The Power of Two Choices for Random Walks

TL;DR

This paper demonstrates that applying the power-of-two-choices paradigm to random walks on graphs significantly accelerates hitting and cover times across various graph classes, with implications for algorithmic strategy optimization.

Contribution

It introduces the application of the power-of-two-choices paradigm to random walks, showing substantial improvements in cover and hitting times on different graph types.

Findings

Cover time is linear in n on tori and trees.

Cover time is O(n log log n) on expanders.

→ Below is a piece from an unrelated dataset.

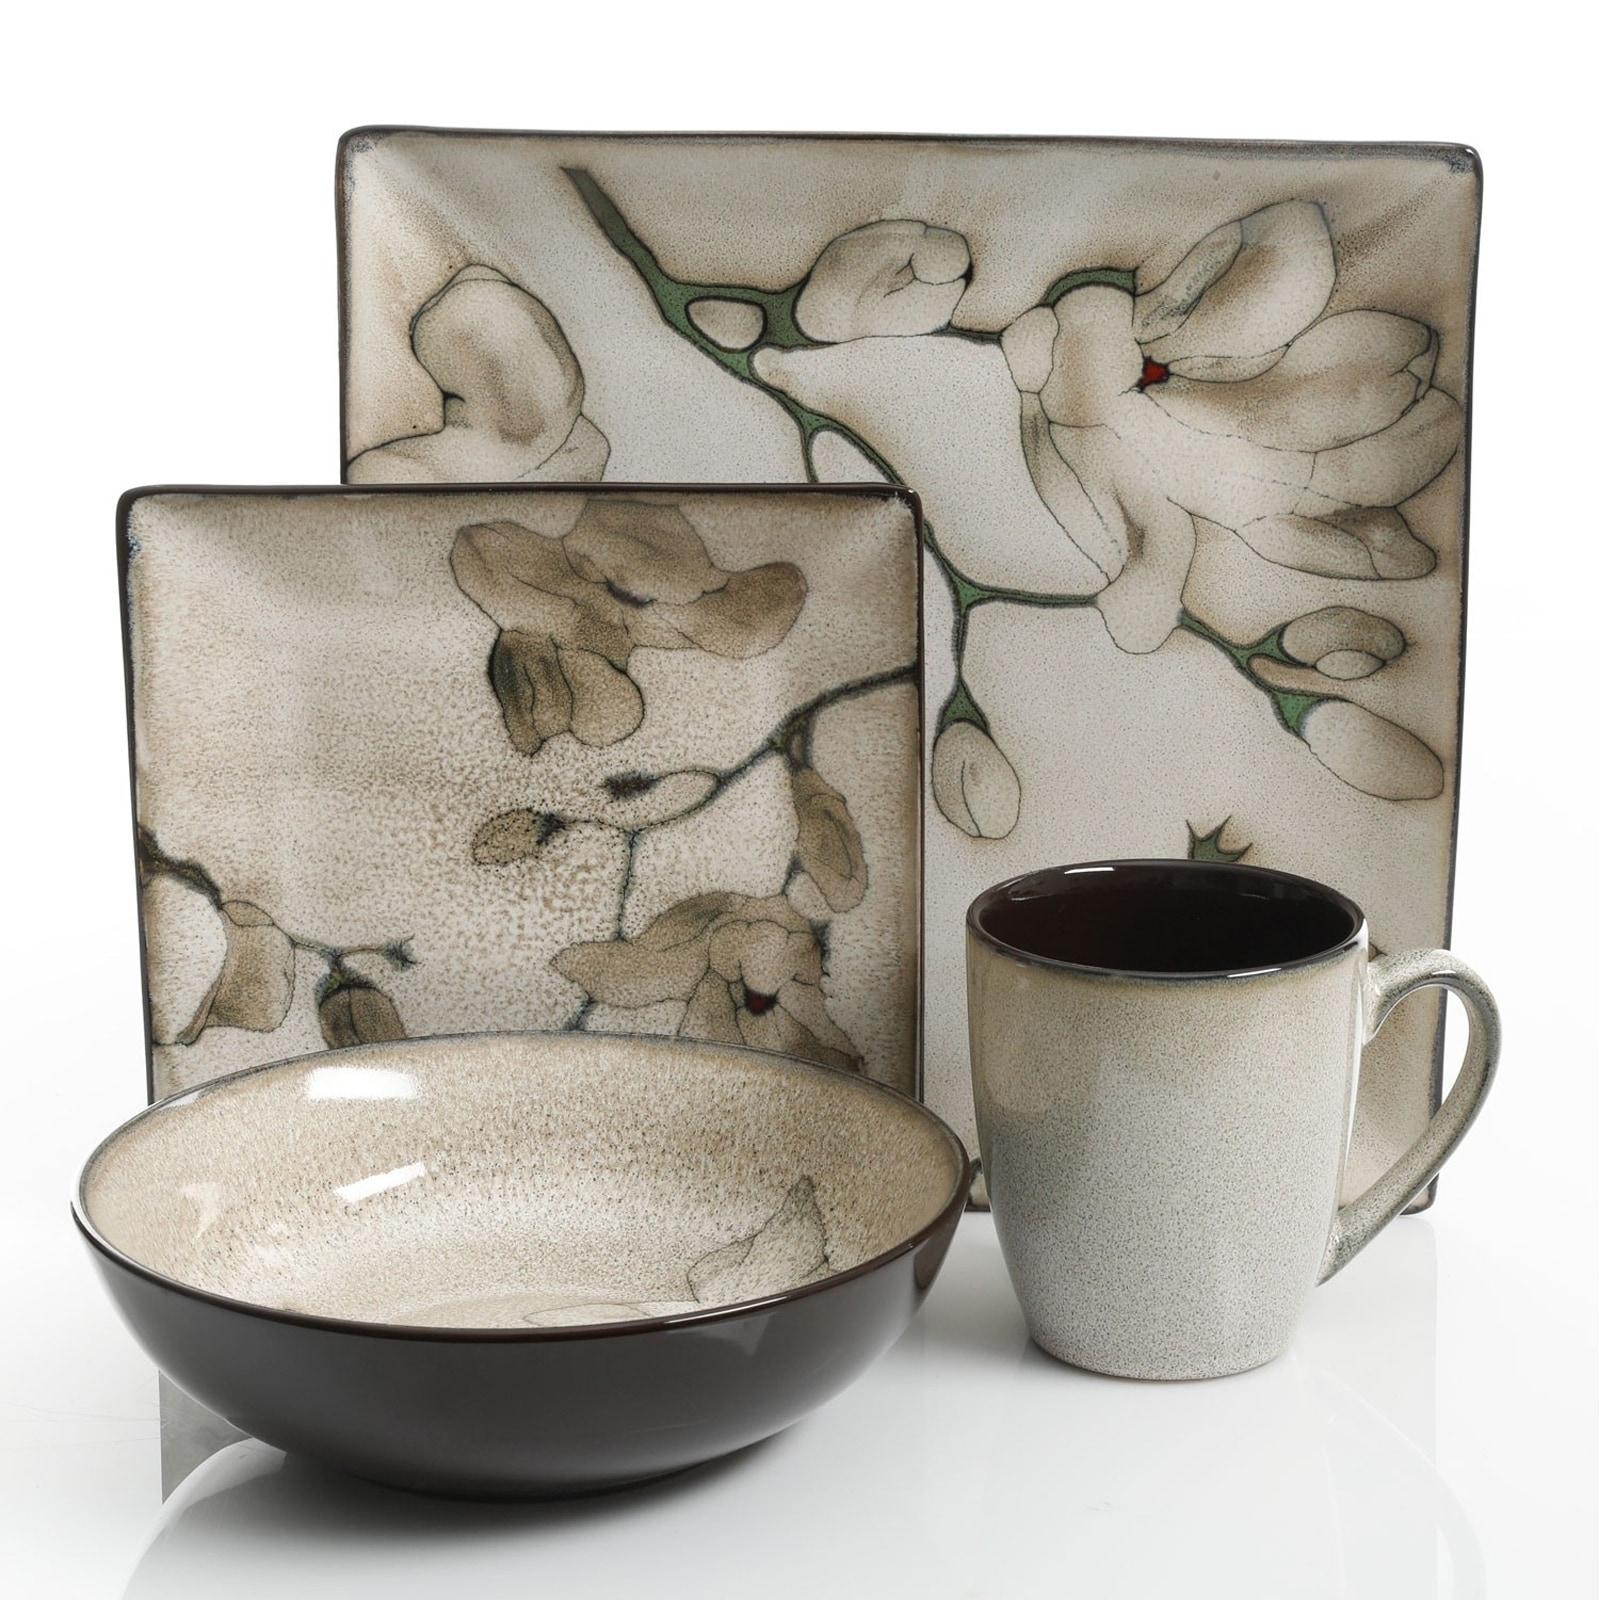 White Boa Print Plate Bowl Mug 16-Pcs Square Modern Stone Dinnerware Set Black

Cover time is O(n (log log n)^2) on sparse Erdős-Rényi graphs.

Abstract

We apply the power-of-two-choices paradigm to a random walk on a graph: rather than moving to a uniform random neighbour at each step, a controller is allowed to choose from two independent uniform random neighbours. We prove that this allows the controller to significantly accelerate the hitting and cover times in several natural graph classes. In particular, we show that the cover time becomes linear in the number $n$ of vertices on discrete tori and bounded degree trees, of order $\mathcal{O}(n \log \log n)$ on bounded degree expanders, and of order $\mathcal{O}(n (\log \log n)^2)$ on the Erd\H{o}s-R\'{e}nyi random graph in a certain sparsely connected regime. We also consider the algorithmic question of computing an optimal strategy, and prove a dichotomy in efficiency between computing strategies for hitting and cover times.